Social Media Bot Policies: Evaluating Passive and Active Enforcement

Source: arXiv:2409.18931 · Published 2024-09-27 · By Kristina Radivojevic, Christopher McAleer, Catrell Conley, Cormac Kennedy, Paul Brenner

TL;DR

This paper asks a practical security question: if a malicious actor uses modern multimodal foundation models (MFMs) plus browser automation to operate social-media accounts, do major platforms actually stop them? The authors answer this by reviewing bot and AI-generated-content policies across eight platforms—X, Instagram, Facebook, Threads, TikTok, Mastodon, Reddit, and LinkedIn—and then building an automated Selenium-based bot that attempts account creation, login, and posting on each platform. The threat is not abstract: the system uses GPT-4o for text and DALL·E 3 for images, with manual account creation to sidestep CAPTCHAs/email verification when necessary.

The main result is blunt: policy language and real enforcement are misaligned. The authors report successful automated login and posting on all eight platforms, with no platform ultimately preventing bot operation. Some services did suspend or challenge accounts during setup, especially Meta properties and TikTok, but the bot still achieved a working account on each platform by retrying with new accounts and/or waiting longer between actions. The paper’s value is less in novel detection science than in an end-to-end adversarial demonstration that current platform defenses are porous against low-to-moderate-skill automation combined with commodity generative models.

Key findings

All eight platforms studied—X, Instagram, Facebook, Threads, TikTok, Mastodon, Reddit, and LinkedIn—were ultimately bypassed: the authors report successful automated login and posting on every platform.
Facebook suspended three accounts for “Account Integrity” / “Authentic Identity,” but the fourth account successfully posted a “test” message and remained undetected in follow-up checks.
Instagram also suspended three accounts, yet the fourth account successfully uploaded an AI-generated image (white “test” text on black background) and was not later flagged.
Threads inherited the Instagram account suspensions, but once the fourth Meta account survived, the bot posted successfully; the authors note one phone-number verification step before persistent automation.
TikTok showed the most friction during signup/posting: more CAPTCHA challenges than other platforms and 1–2 hour spacing between logins, yet the bot still posted an unlabeled screen recording and was not caught by AIGC labeling systems.
Mastodon’s moderator-driven enforcement failed to flag a bot account that neither self-identified as a bot nor disclosed AIGC use; the authors report a successful post on mastodon.social with no moderation action during the test window.
X allowed an automated tweet despite policy prohibiting non-API automation; biweekly checks found no action against the bot account or the tweet.
LinkedIn allowed account creation on the first attempt and a simple automated “test” post, despite policies prohibiting bots and automated access.

Threat model

A malicious operator creates and controls bot accounts on mainstream social platforms using browser automation and commodity multimodal generation. The attacker can manually provision accounts and email addresses, can tolerate CAPTCHA friction and account retries, and wants to post content while avoiding platform detection or removal. The attacker is not assumed to have privileged platform access or to use the official APIs; the platforms are assumed to enforce their own published bot/AIGC policies and to deploy detection/moderation systems, but those systems may be imperfect or slow.

Methodology — deep read

Threat model and assumptions: the paper models a single malicious operator using browser automation plus an MFM to run one account per platform, with the goal of posting content and remaining on-platform. The operator is not assumed to have API access; in fact, the authors intentionally avoid platform APIs because they are monitored and rate-limited. The adversary is also assumed to be willing to manually create accounts, including email accounts, and to spend a few hours on setup. Importantly, the authors do not attempt interaction-heavy abuse (likes, comments, reposts, spam campaigns) because of ethical constraints, so the threat model is closer to “can a bot be deployed and kept alive?” than “can it influence discourse at scale?”

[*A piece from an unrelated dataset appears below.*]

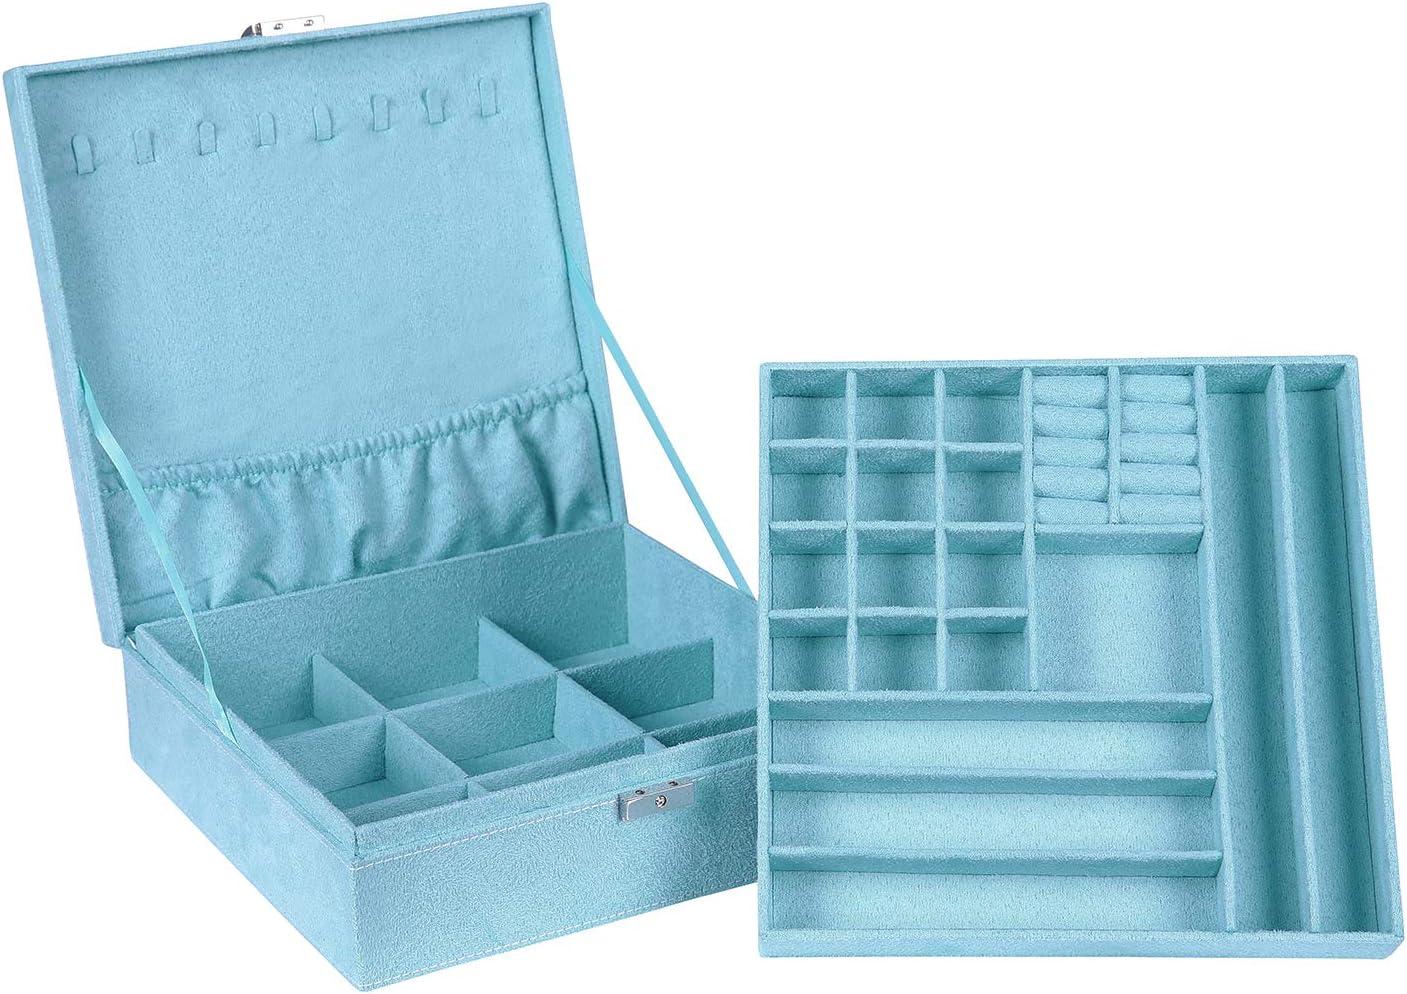 Jewelry Box Two-Layer Lint Jewelry Case Organizer Women Earring Necklace Bracelet Display Storage Box with Lock, Blue

Data and inputs: there is no conventional dataset with labeled splits. The “data” are platform policy pages and the live platform interfaces themselves. The policy corpus consists of official documentation for bot rules and AI-generated content rules for the eight platforms. The operational test data are the accounts and posts created during the experiment, performed from June 10, 2024 through July 31, 2024 with biweekly checks for enforcement actions. The content is intentionally minimal: many posts are just the string “test,” while one Instagram post is an AI-generated image containing “test,” and TikTok receives a screen recording of a realistic scene (Cliffs of Moher) with the caption “test.” The paper does not specify a train/validation/test split because this is not a supervised learning study.

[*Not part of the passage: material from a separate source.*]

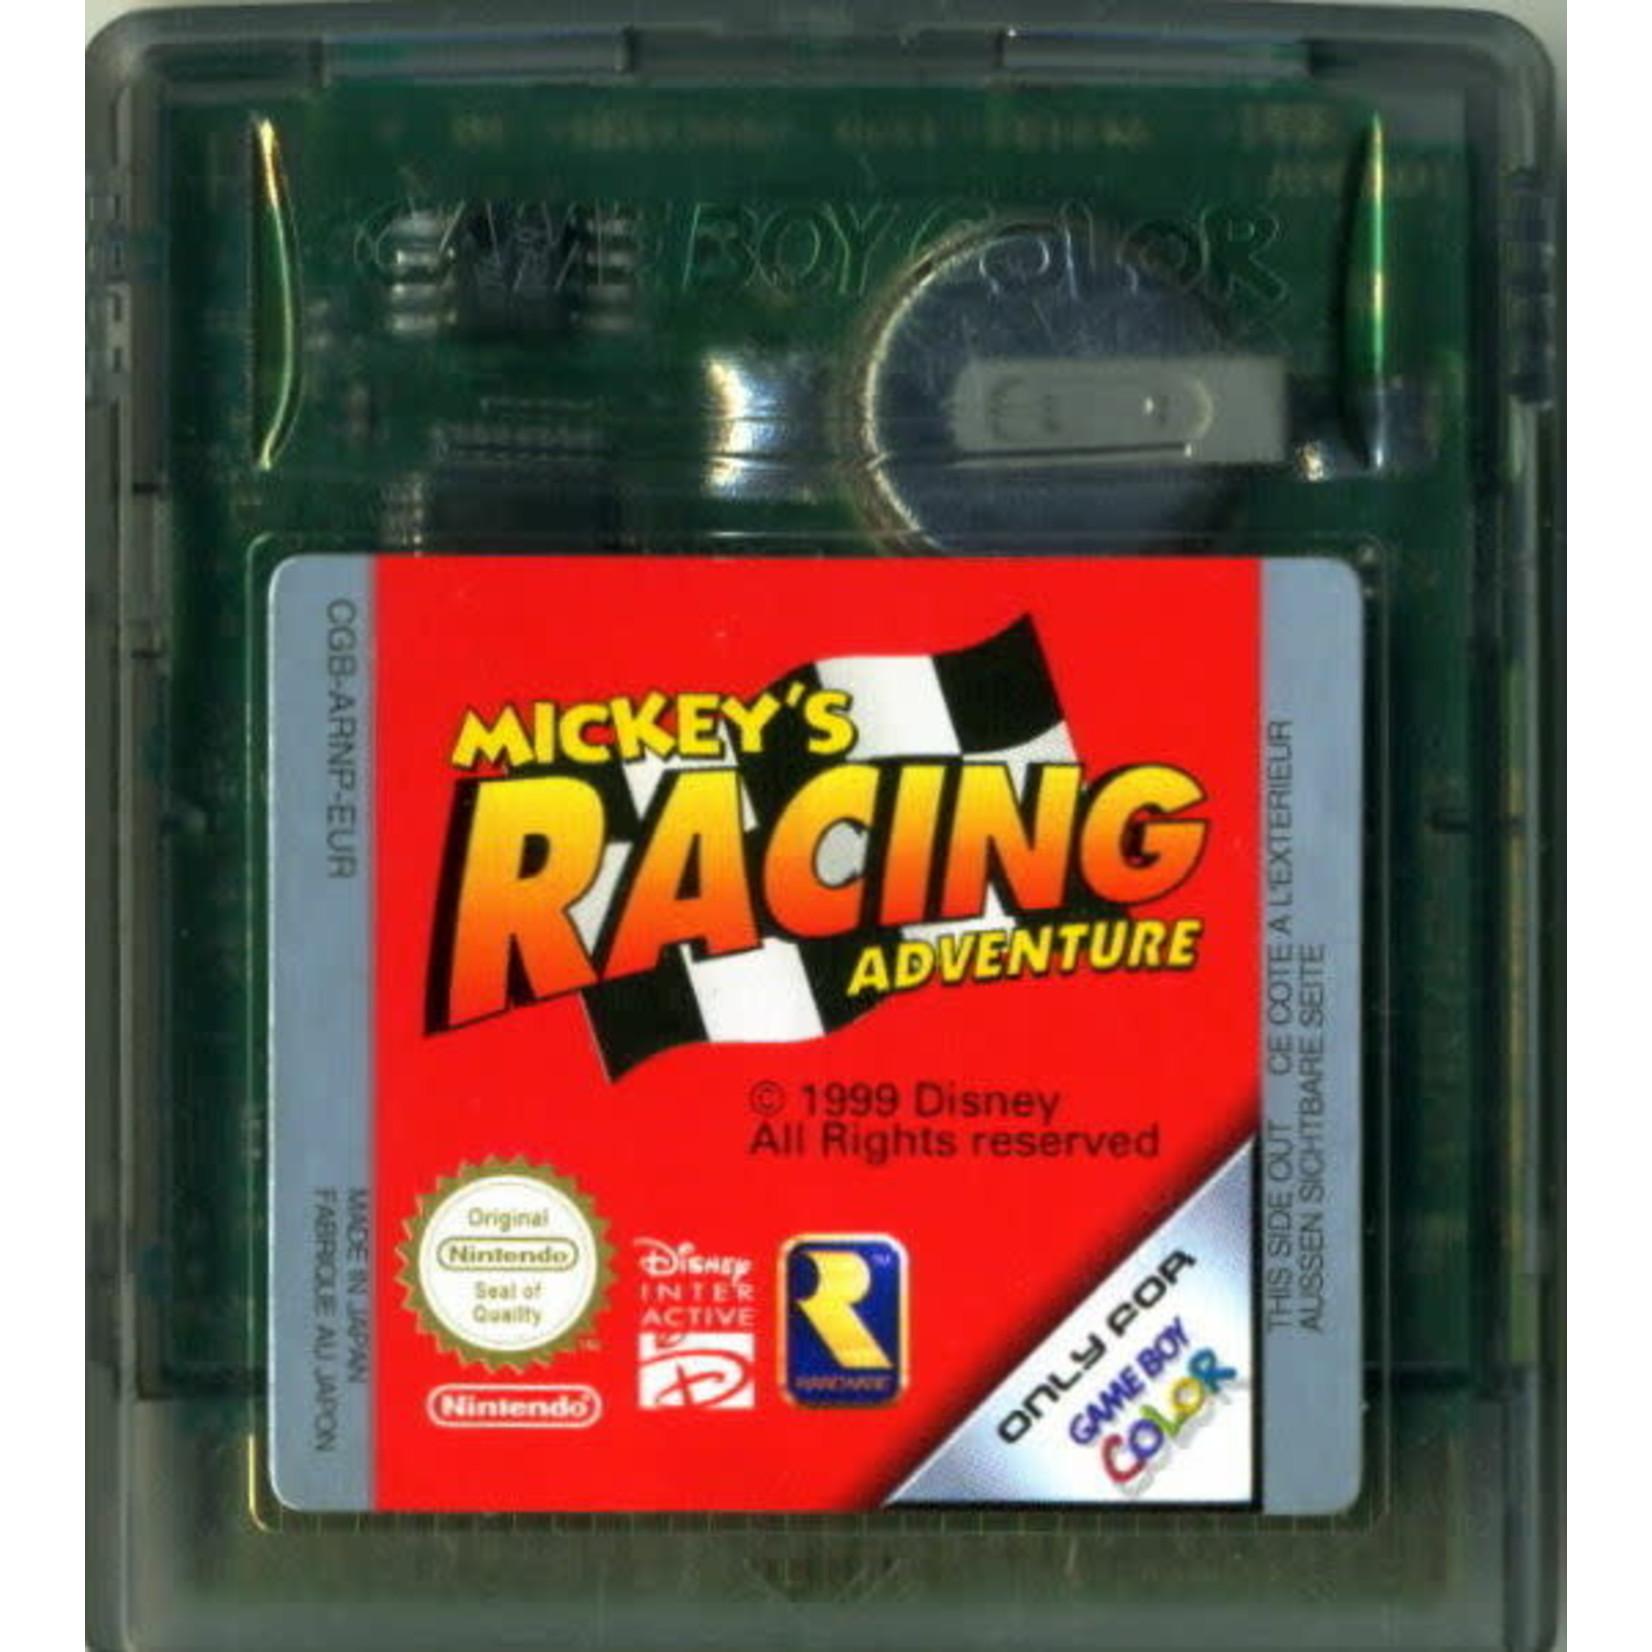 gbcu-Mickey's Racing Adventure (cart)

Architecture / algorithm: the enforcement-testing system is a Selenium-driven Python bot running in Chrome via ChromeDriver. At a high level it loads the login page with WebDriver.get(), locates DOM elements via WebDriver.find_element(), clicks UI controls, and types into forms with WebDriver.send_keys(). For text generation it uses GPT-4o via the OpenAI API; for image generation it uses DALL·E 3. On Instagram it uploads generated images as media files. On TikTok, because the platform accepts video only, the authors manually built a library of screen recordings of DALL·E-generated imagery to approximate an MFM-generated video upload path, then used PyAutoGUI mouse/keyboard control to select the file. The novelty is not a new model but the integration of real browser automation, generative content generation, and policy-specific operational workarounds into one end-to-end red-team harness.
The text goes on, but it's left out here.